TASK REQUIREMENTS:
Everything in the data must be repeated exactly, apart from the pictures, which are left out.

EXERCISE DATA:
"""

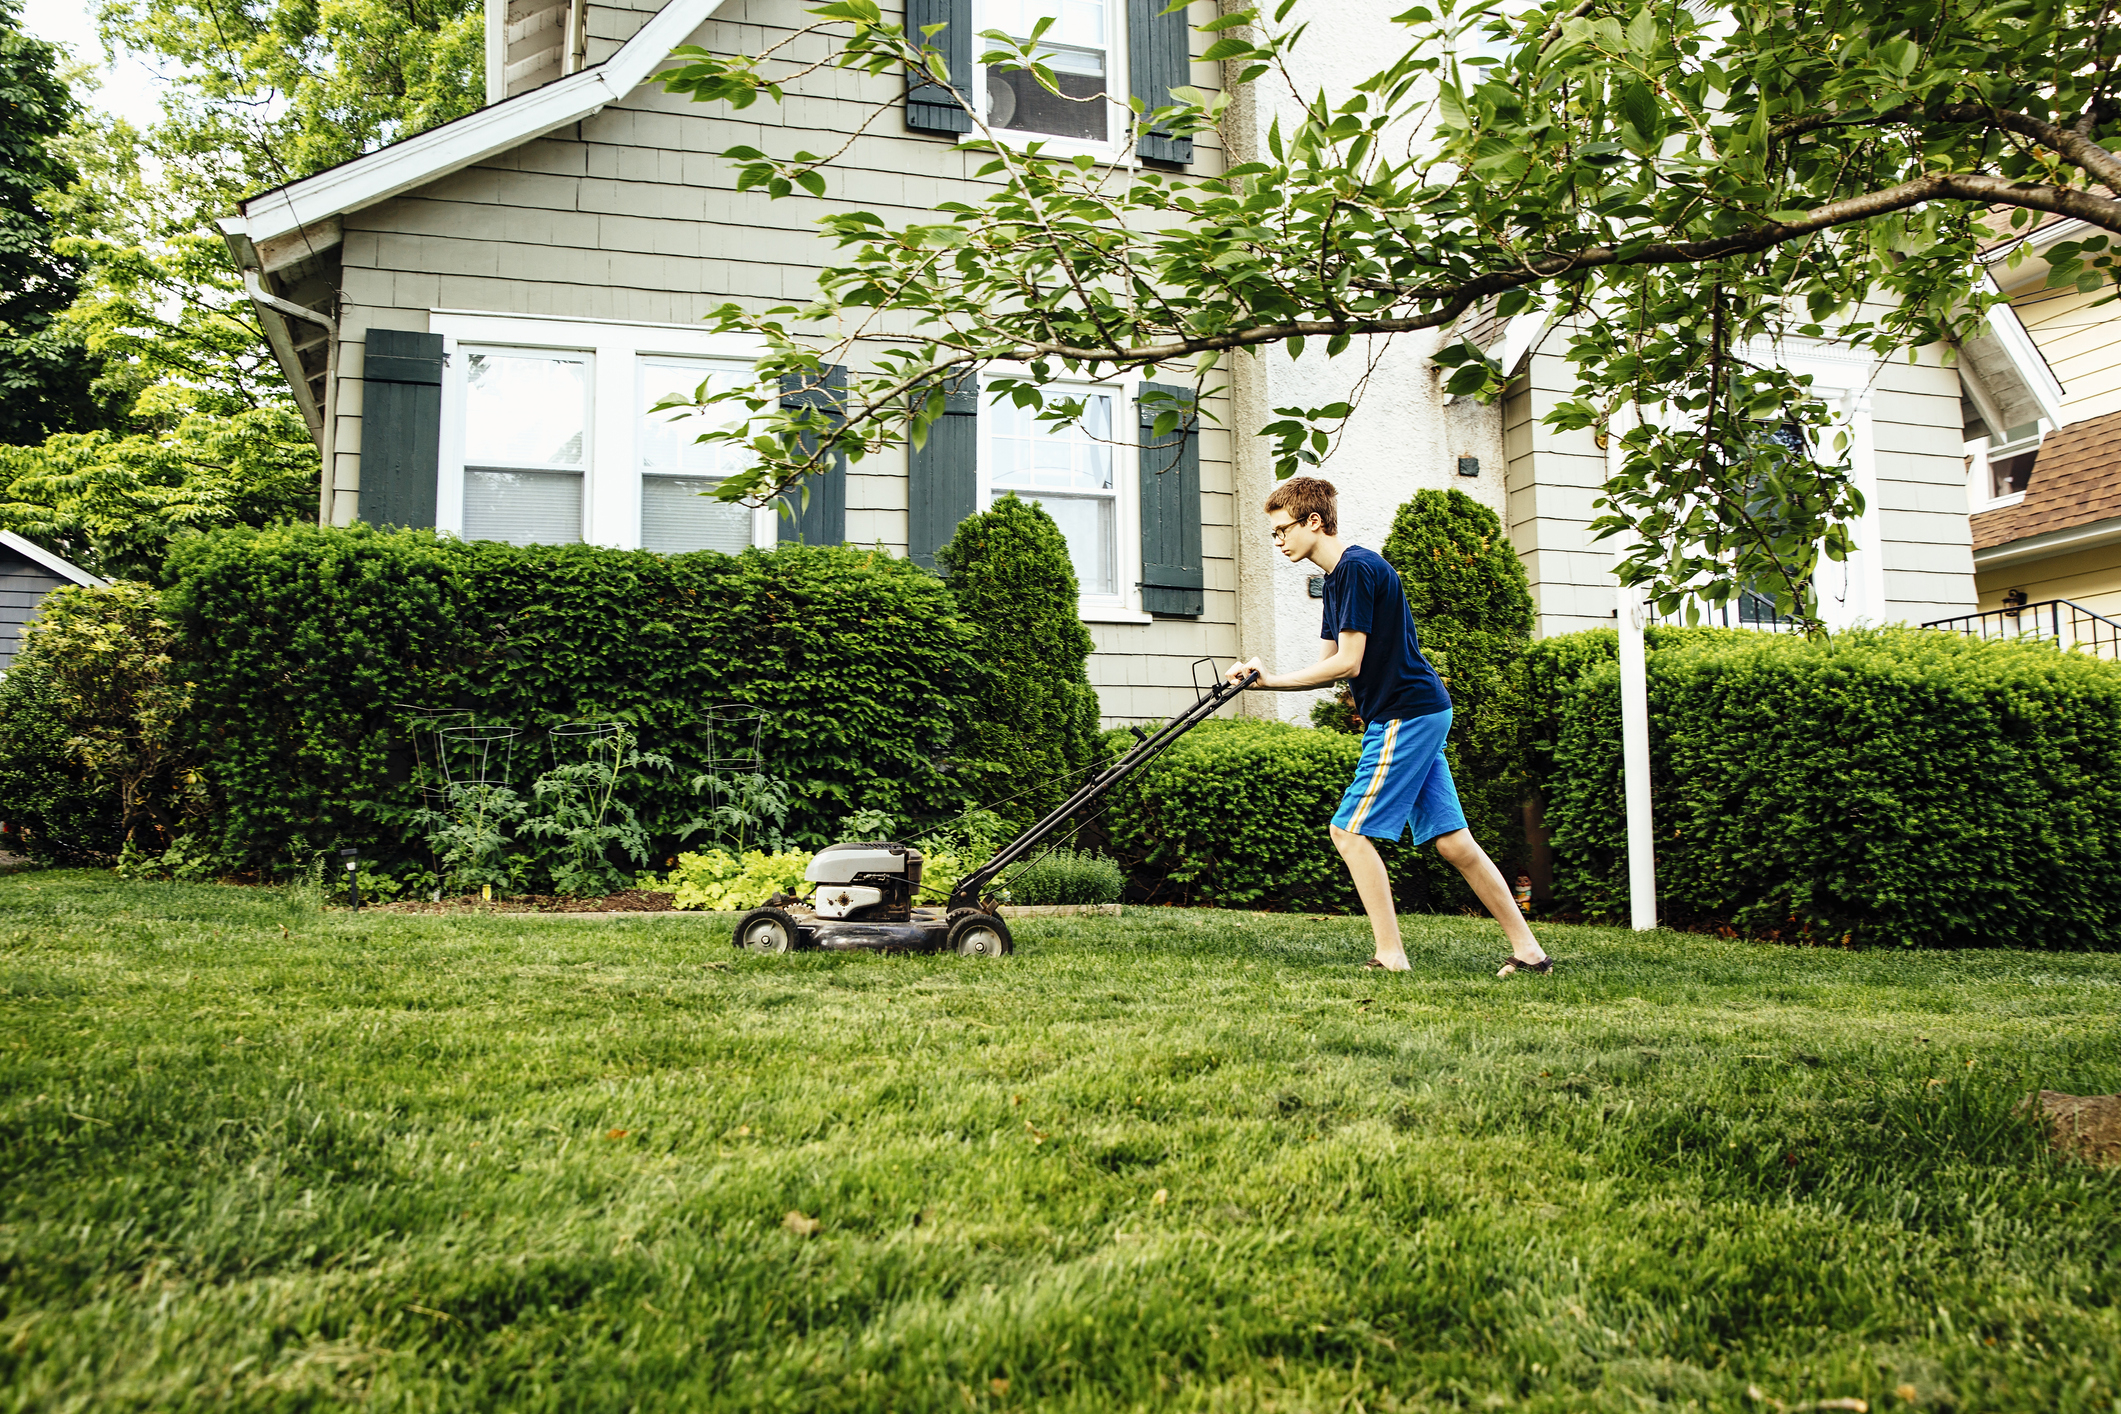 A teenage boy is mowing the lawn
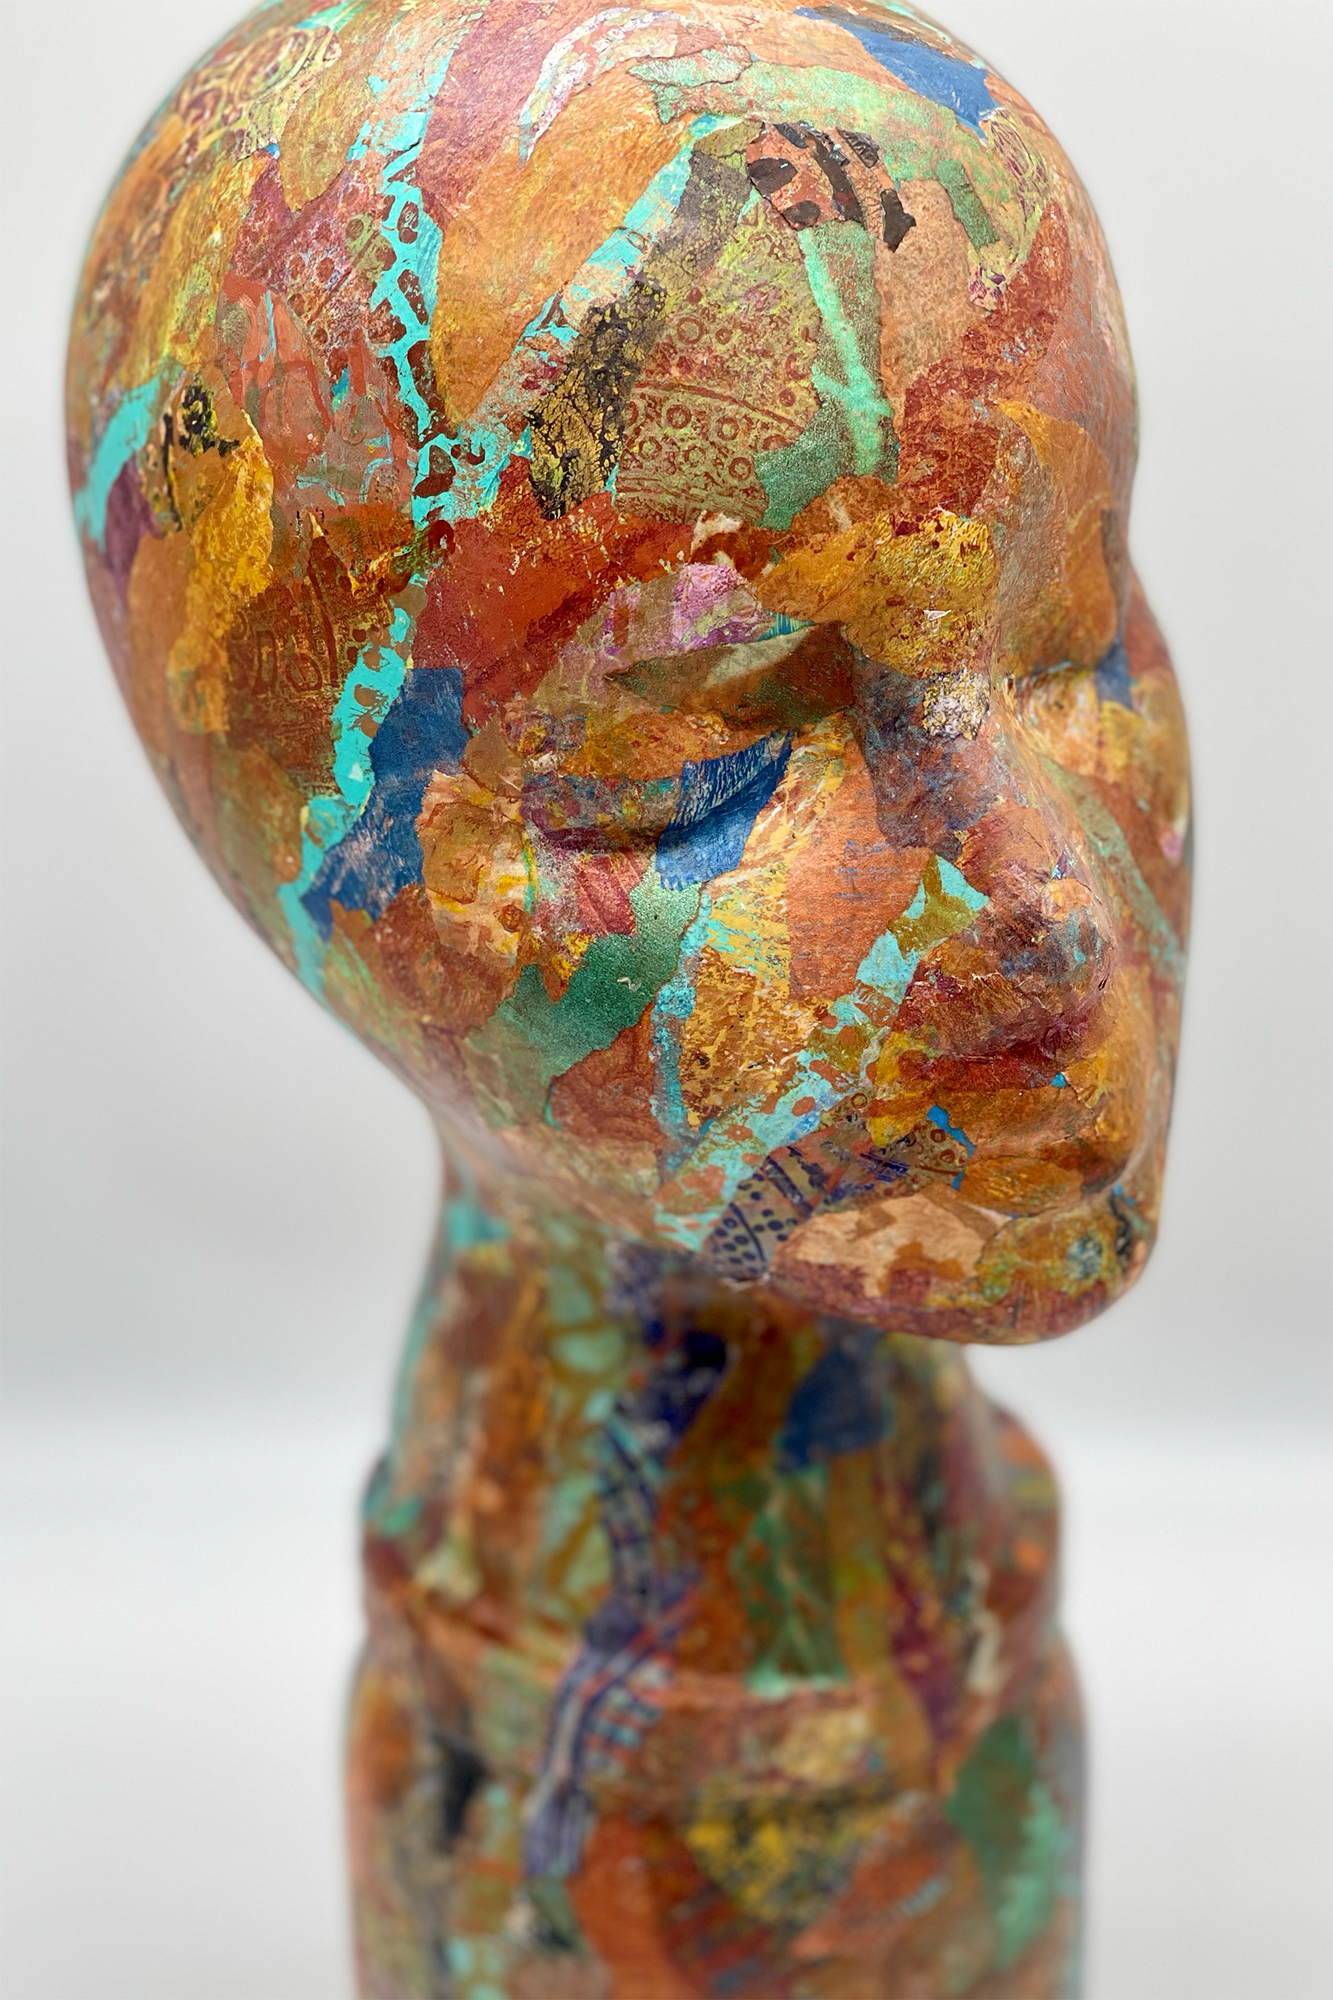 A photograph of an original sculpture by A.H. Lawver, entitled "Liv". It's a bald, minimalist head, splattered with a wide variety of color monoprints.
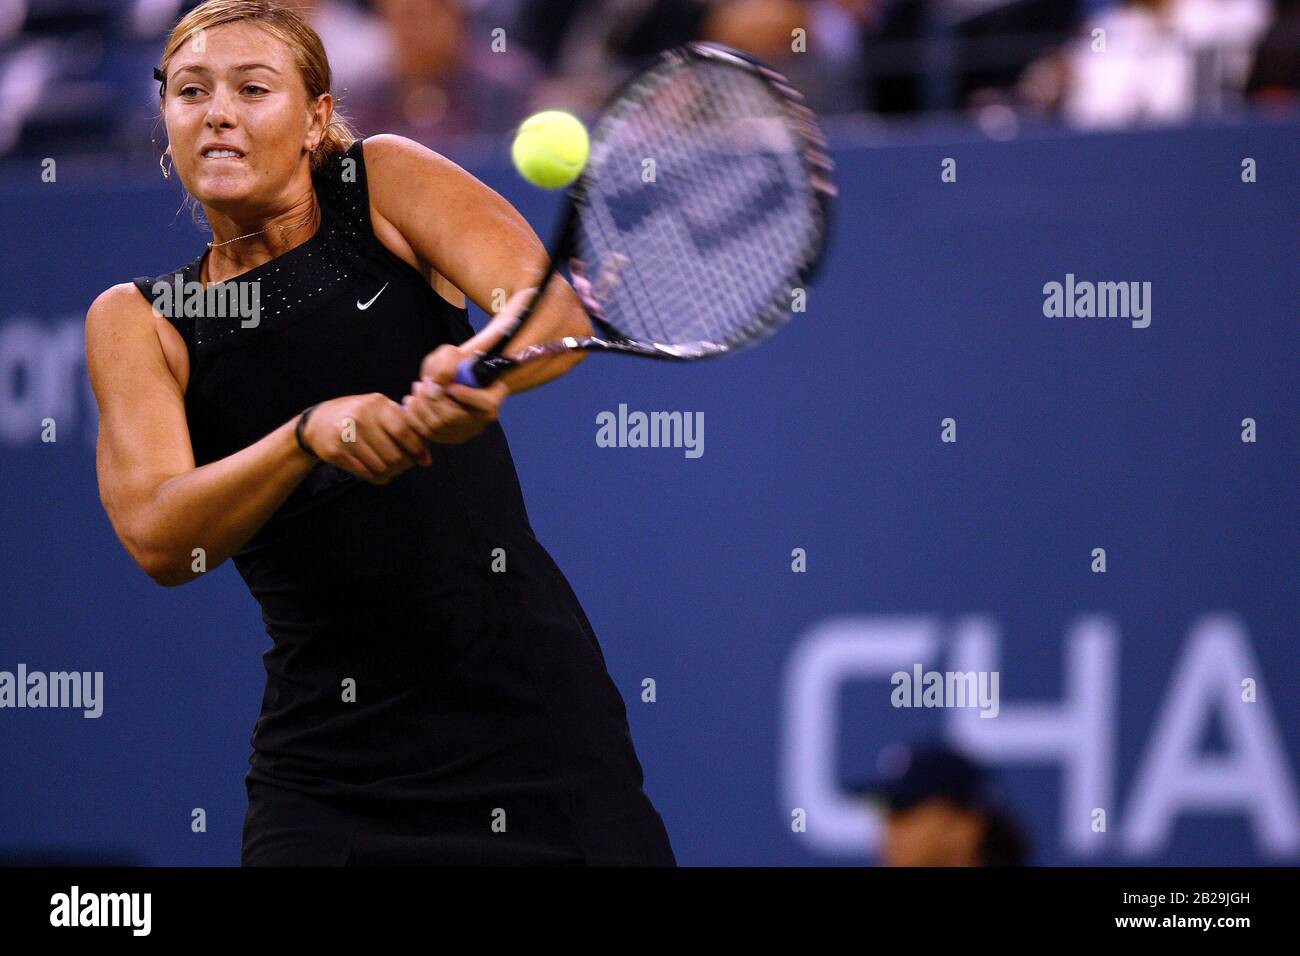 Maria Sharapova in action during her 2006 US Open victory at Flushing Meadows, New York. Sharapova, a five time grand slam champion, and one of the highest earning female athletes, announced her retirement from competitive tennis  this week. Stock Photo

"""

EXERCISE RESPONSE:
 A teenage boy is mowing the lawn
 A photograph of an original sculpture by A.H. Lawver, entitled "Liv". It's a bald, minimalist head, splattered with a wide variety of color monoprints.
 Maria Sharapova in action during her 2006 US Open victory at Flushing Meadows, New York. Sharapova, a five time grand slam champion, and one of the highest earning female athletes, announced her retirement from competitive tennis  this week. Stock Photo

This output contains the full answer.